To misquote Gandhi, We’re all children of God, it’s just that some of us are more childlike than others.

Kenneth is such a person.

Gentle, hesitant, uncertain, he lives a plain life and keeps to himself. He works at a second-hand bookstore. Every night he goes to Wally’s and drinks Mai Tais with his only friend, Bert. It’s difficult for Kenneth to imagine Life without Bert – and that’s curious, because Life doesn’t give many of us a Bert after the age of four. (Bert is the only character in Eboni Booth’s Pulitzer Prize winning play who transcends – in his own wondrous way – the inescapable doubts and wistful regrets of this sublunary world.)

When Kenneth’s bookshop is sold, he’s worried how he’ll find employment. (He got his first job only thanks to a social worker.) At the advice of Corrina from Wally’s, he applies for a position at a bank with the evocative name Primary Trust. According to Kenneth, the manager employs him because he reminds him of his brain-damaged brother.

As his friendship with Corrina develops, his special relationship with Bert changes, in a way that’s confronting (for Kenneth) but beautiful and hopeful.

The supreme importance of relationships like friendship is emphasised by an exquisitely simple speech by Corrina about her best friend, Denise. Corrina loves Denise. We don’t know why: in fact, we know virtually nothing about the briefly mentioned and never seen Denise – except that she doesn’t look after her cat as well as she might. But sometimes, when Corrina thinks about Denise, she cries. Perhaps this sounds sentimental? I think Corrina is just being honest, and being honest with Kenneth is life-changing.
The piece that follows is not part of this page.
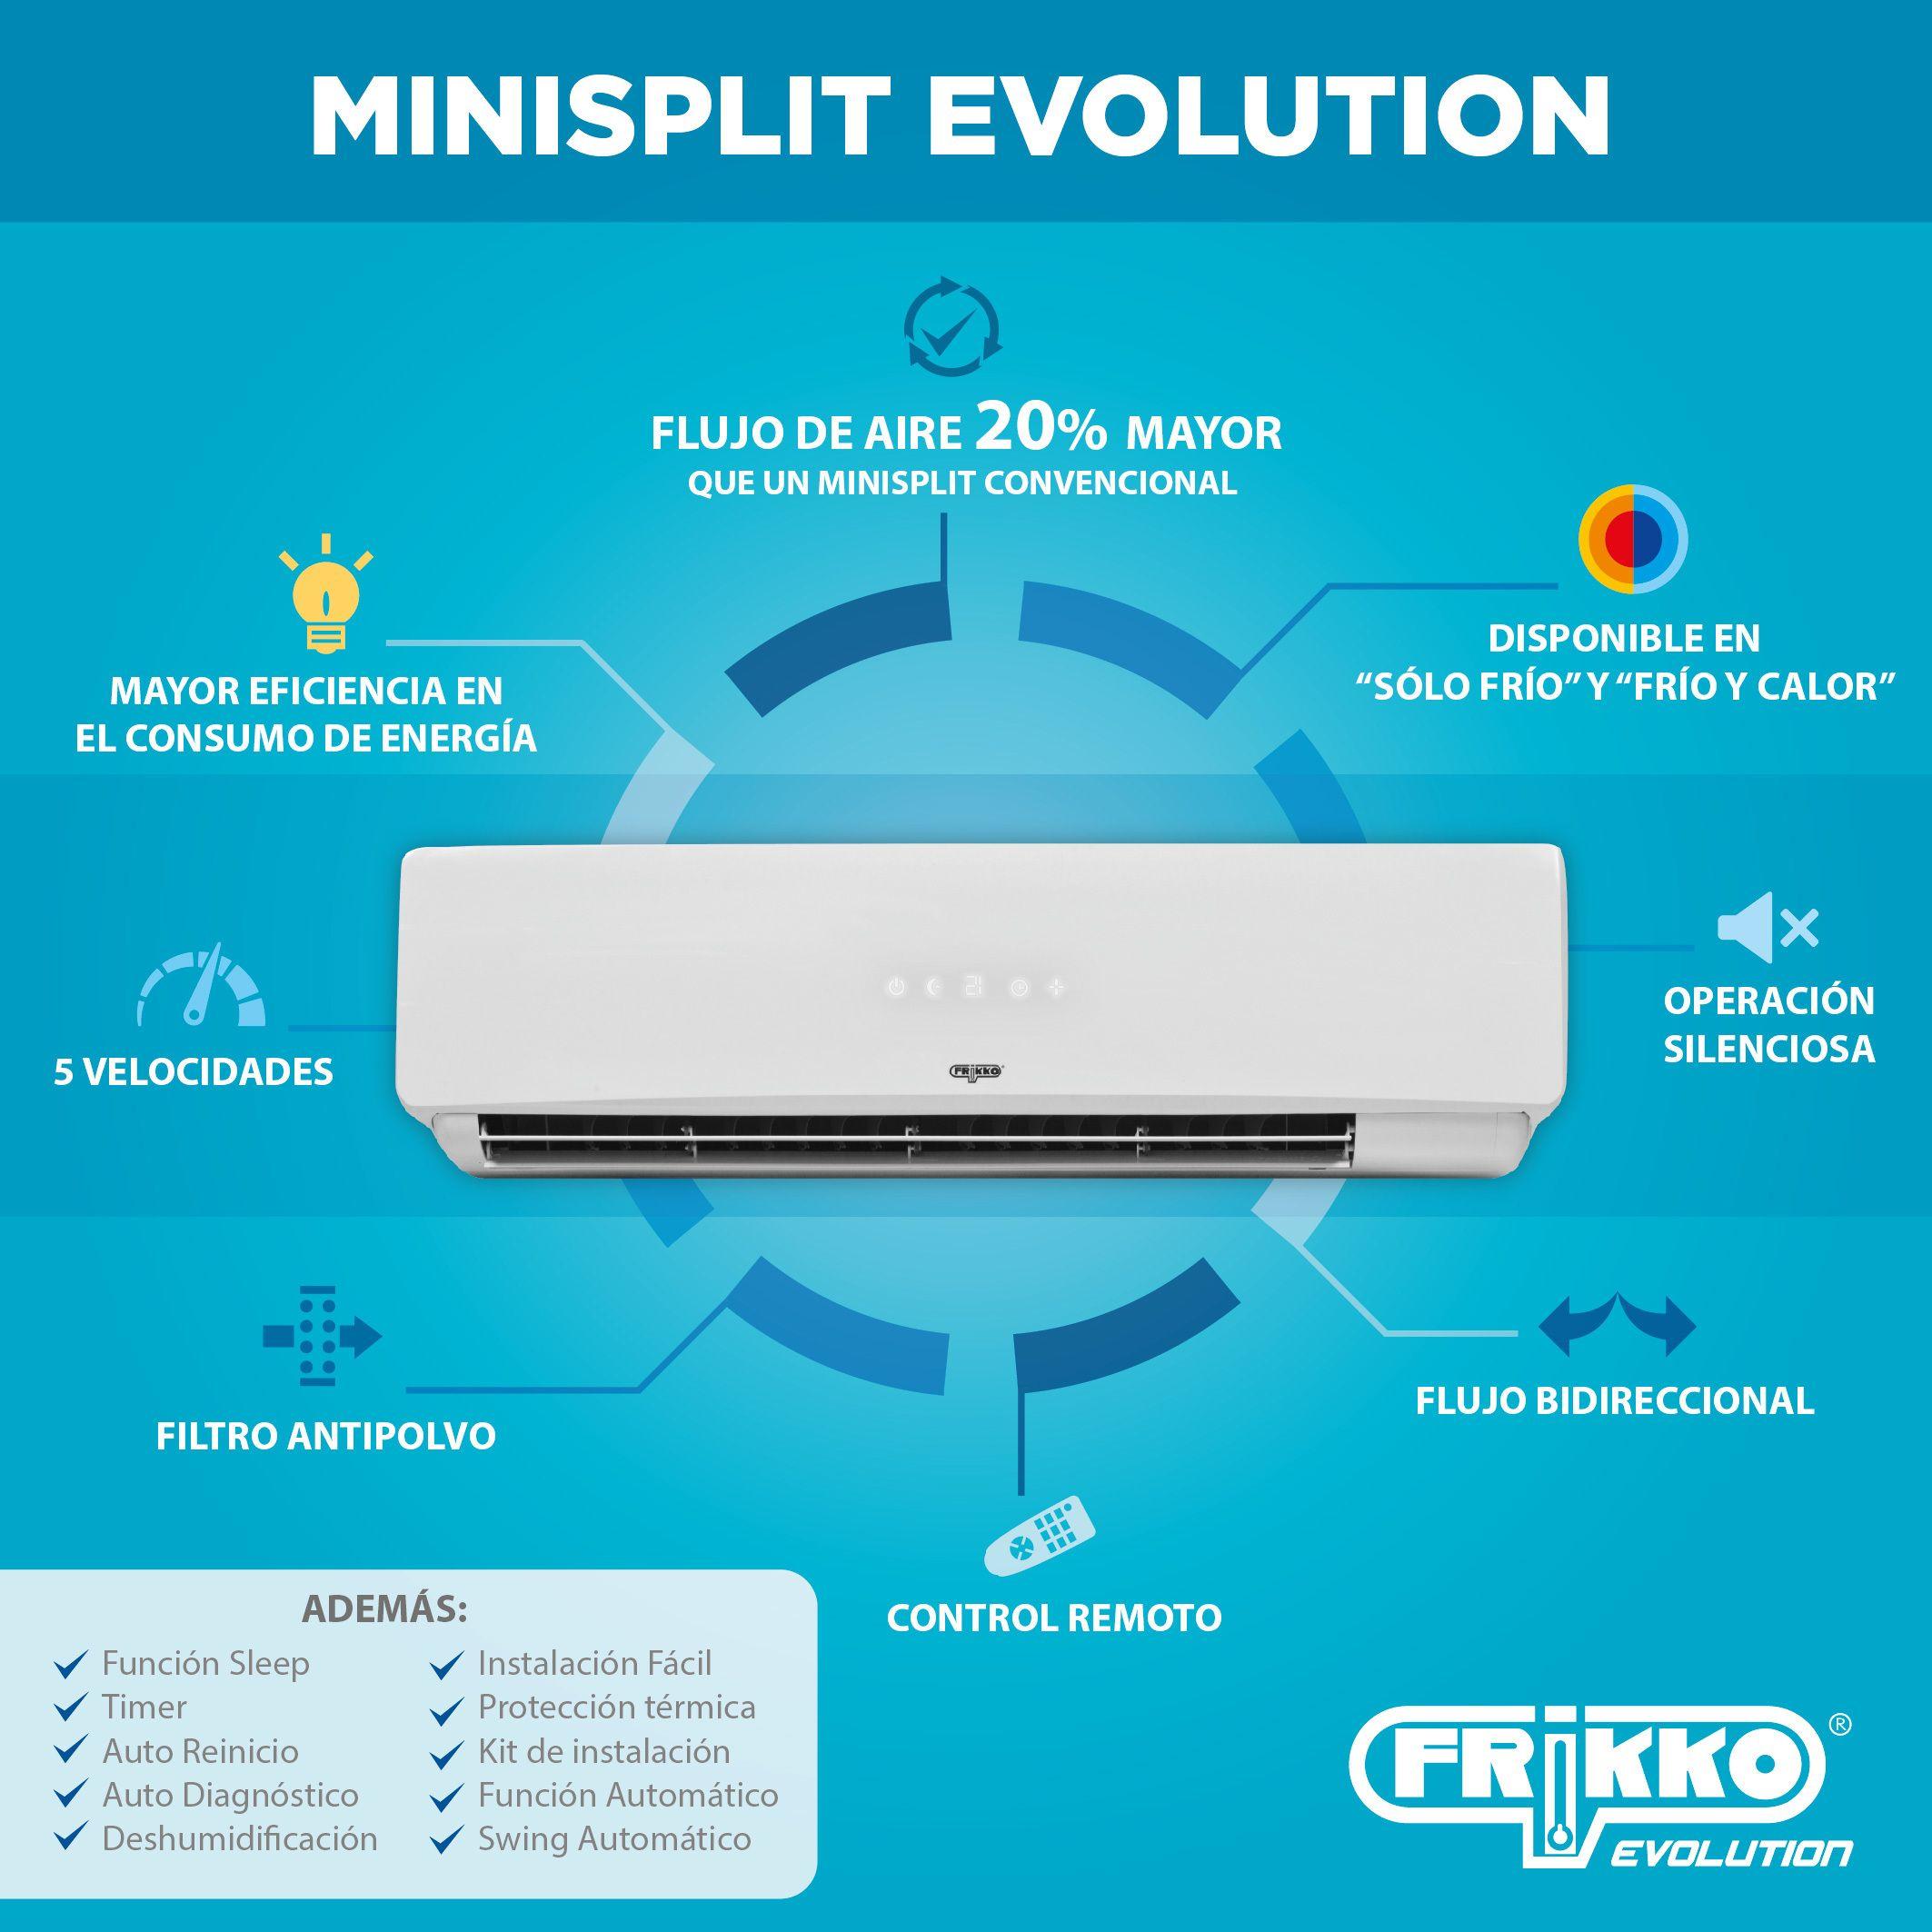 ¡Conoce el minisplit Evolution de Frikko! Control remoto

It’s this sort of openness that helps him find the connections he so desperately needs.

Primary Trust is an absolutely delightful comedy, informed by a sense of small town dagginess reminiscent of Thornton Wilder’s Our Town. (The set, by James Browne, with a back wall of many coloured doors emphasises this sense of the parochial presented playfully.) But unlike Wilder’s play, this story is one character’s (Kenneth’s), and the view from eternity that warmly infuses the conclusion of Our Town is absent, replaced by the vision, courageous and true, that the only heaven there is we must find here, amongst the struggling souls who surround us.

Except for one alluded-to-but-not-expanded-upon instance of racial injustice, the world around Kenneth is not malignant, only forgetful. (Or a little too complaisant: The sky is blue, what can you do?) But a little reaching out goes a long way.
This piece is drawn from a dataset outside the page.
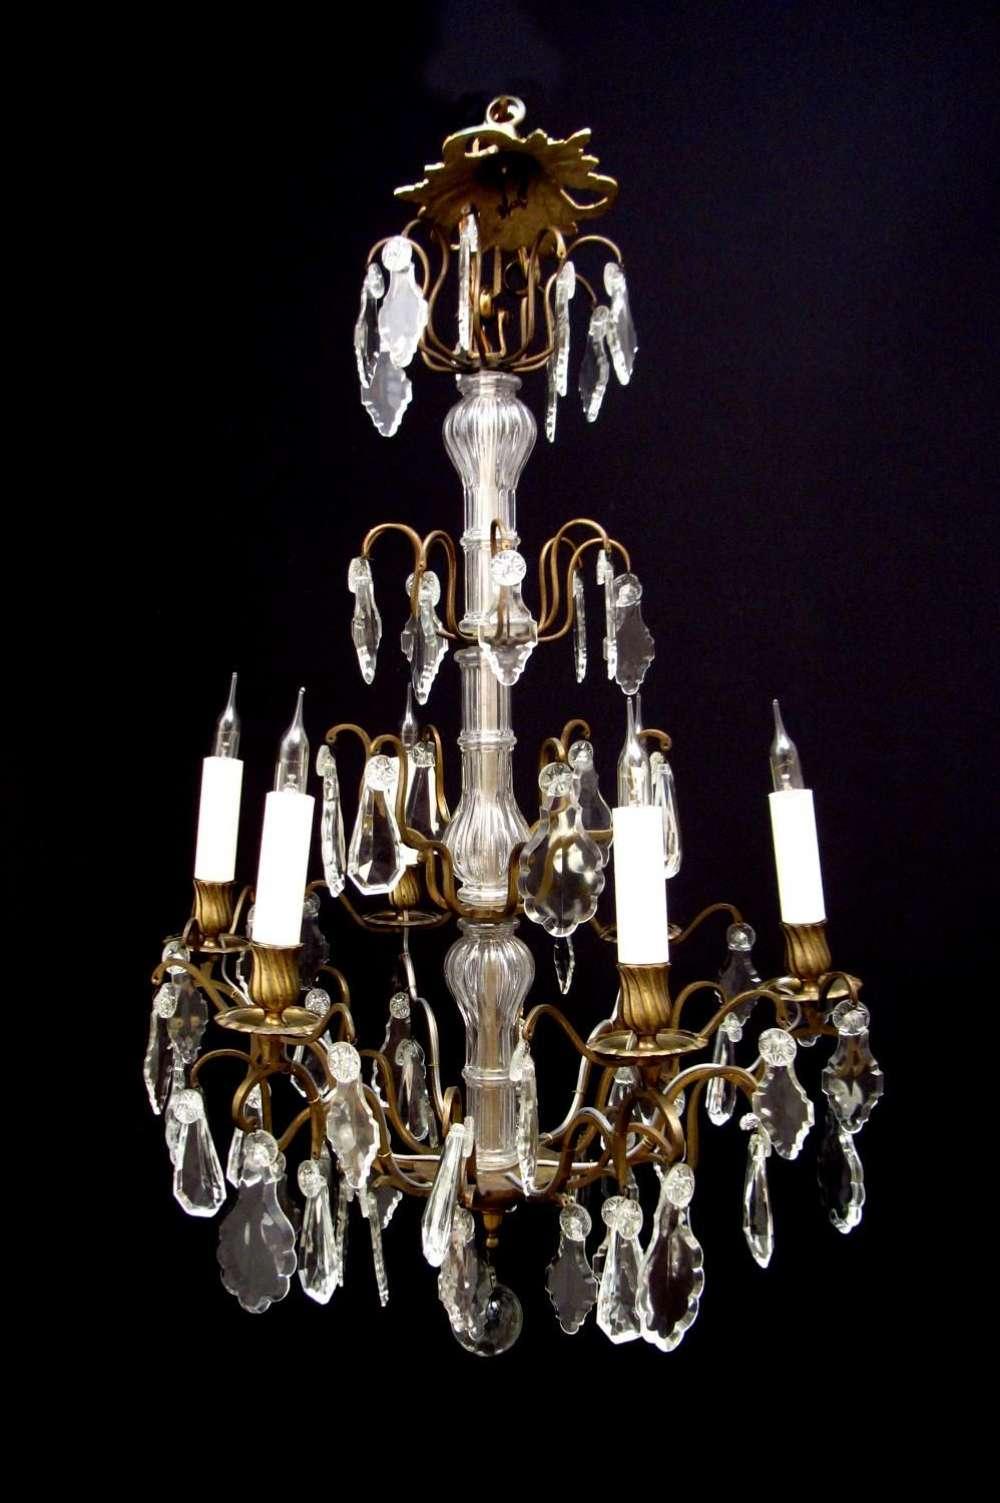 A GEORGE II CUT GLASS EIGHT LIGHT CHANDELIER | CIRCA 1750

Yes, it’s an exploration of trauma, highlighting the humanity of those who suffer – but what the play primarily offers is not a portrait of pain but rather models of kindness (the consistent, persistent type that engenders trust.)
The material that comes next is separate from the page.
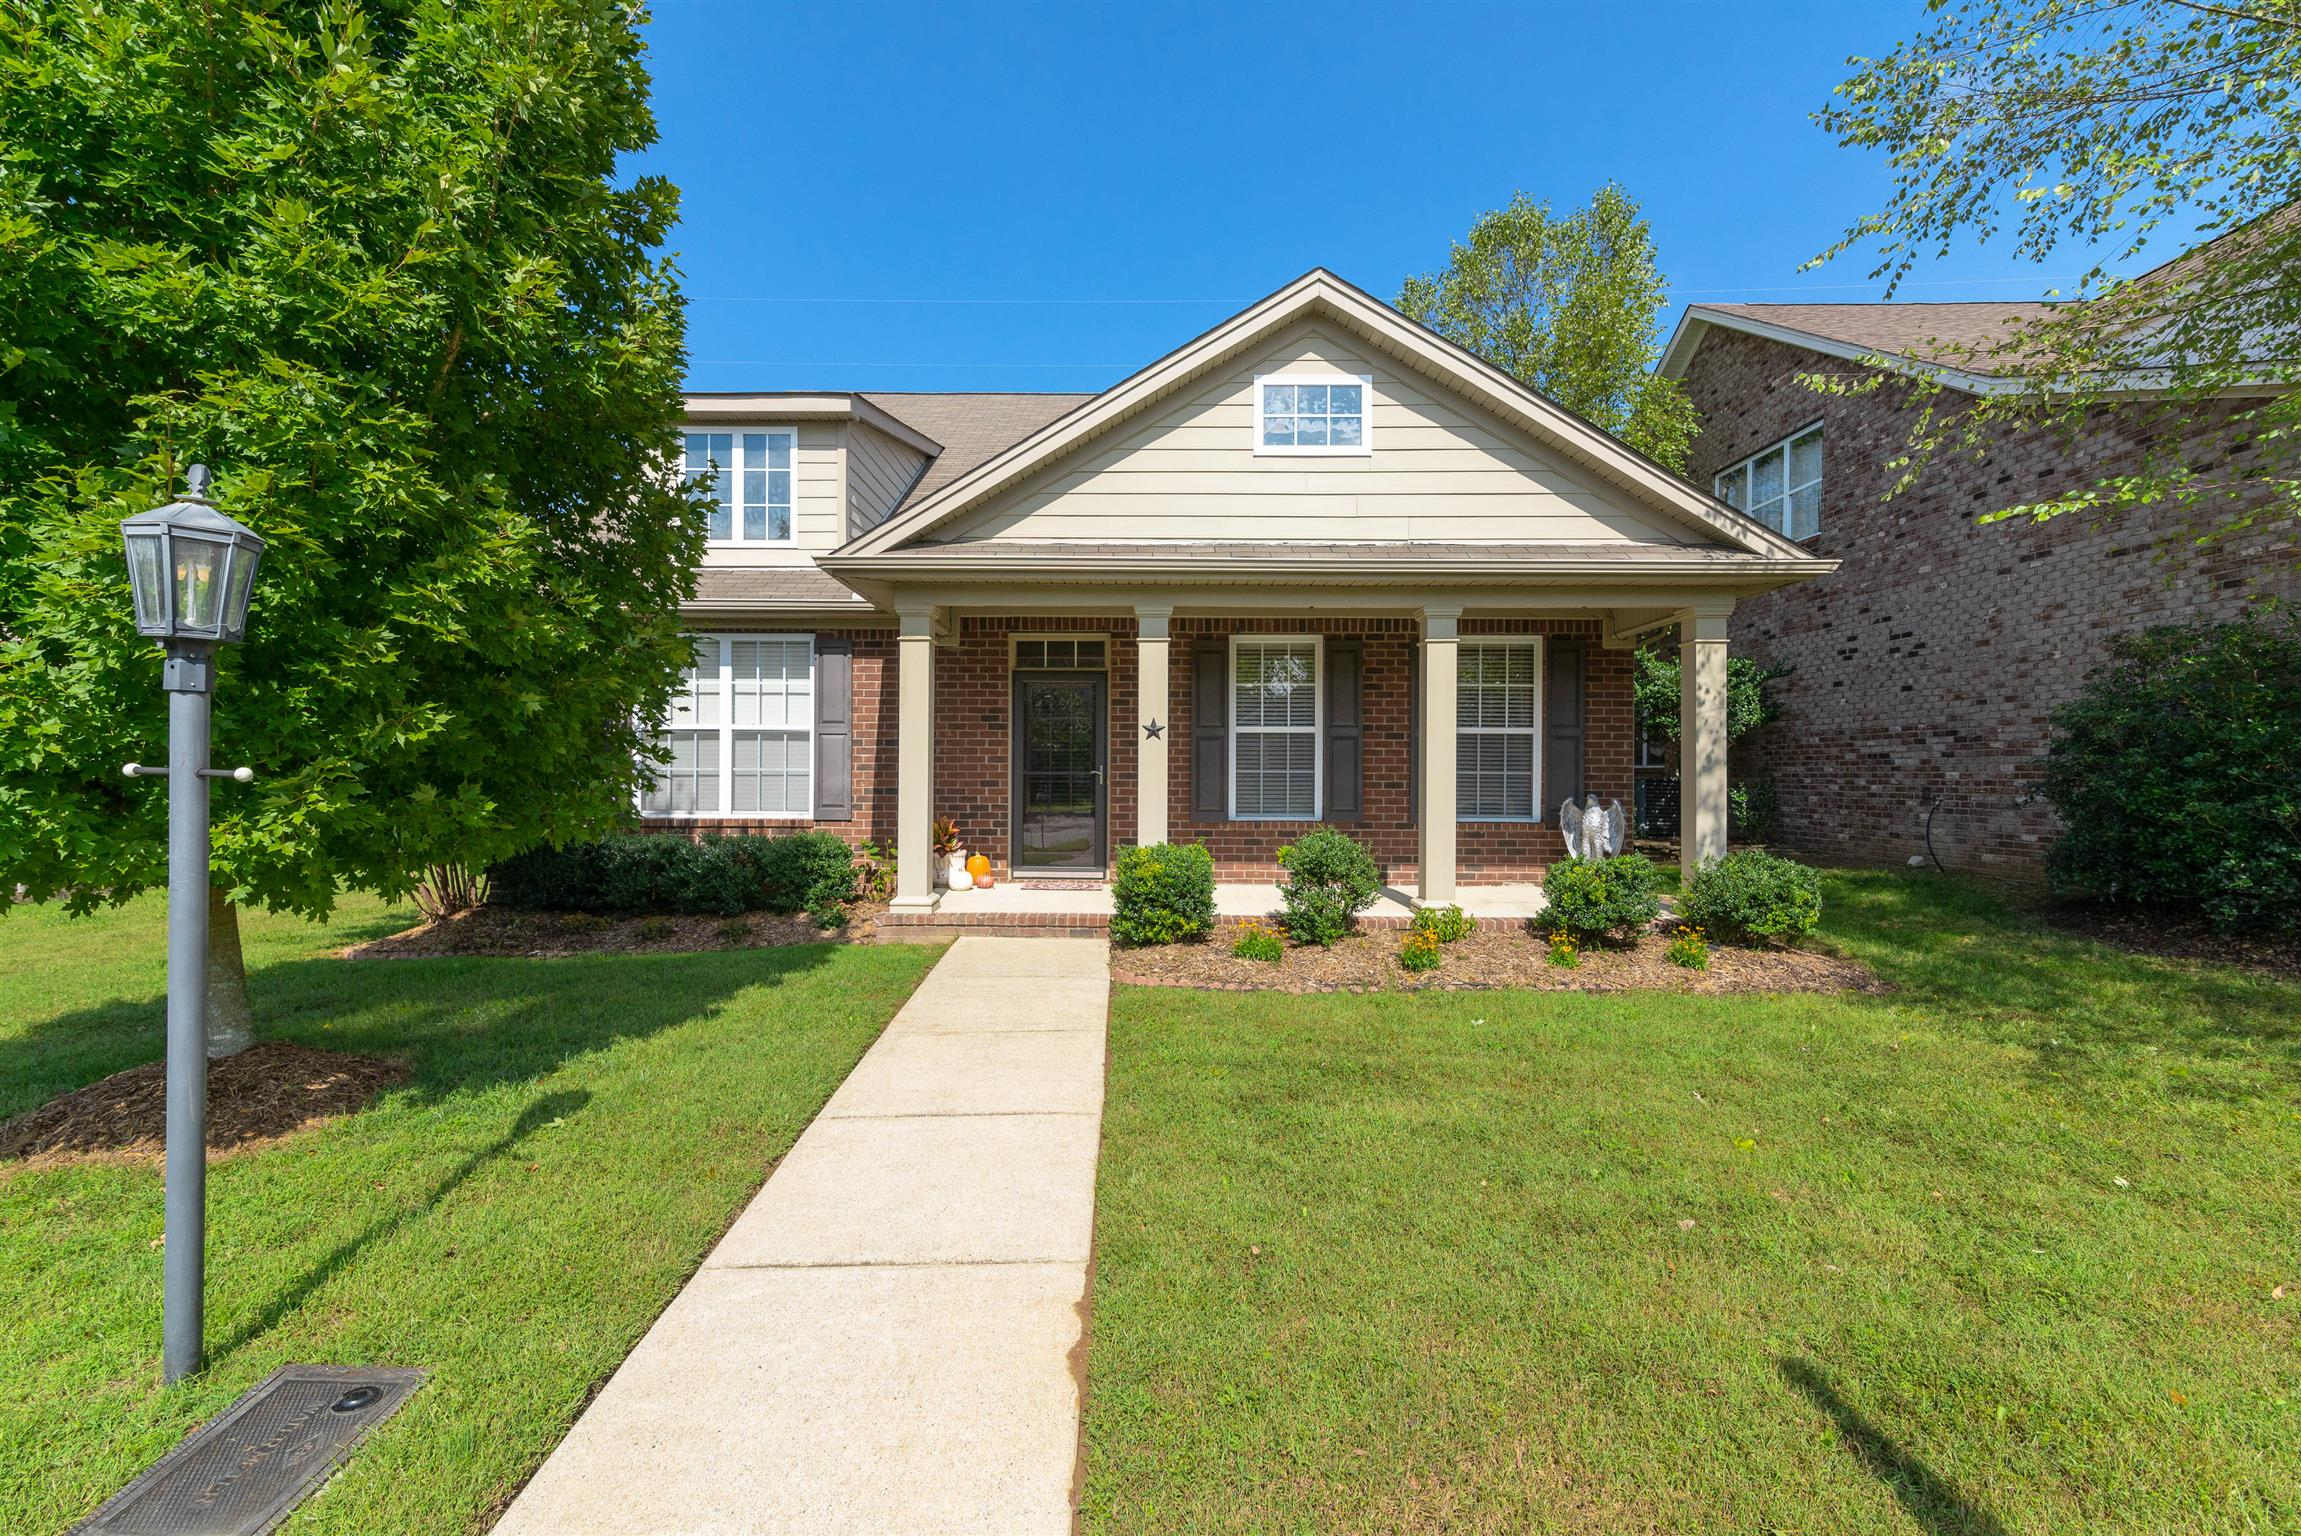 5244 New John Hagar Rd, Hermitage, TN 37076 - Hermitage, TN real estate listing

Directed by Darren Yap, performances are gorgeously engaging. As Kenneth, Albert Mwangi is superb, both immensely likeable and poignantly pathetic. With a compassionate charisma, Charles Allen plays Bert, wonderfully portraying the perpetual patience and positivity of the best friend of our dreams. Angela Mahlatjie’s Corrina is magnificent: honest and humble yet hopeful; softly unassuming and utterly soul-expanding. And she and Peter Kowitz do some hilarious doubling, with Kowitz’s bank manager true comic gold. Booth’s script –which captures the wavering richness of real speech – calls for virtuoso vocal work, and the cast delivers (aided, no doubt, by the remarkable skills of dialect coach Linda Nicholls-Gidley.)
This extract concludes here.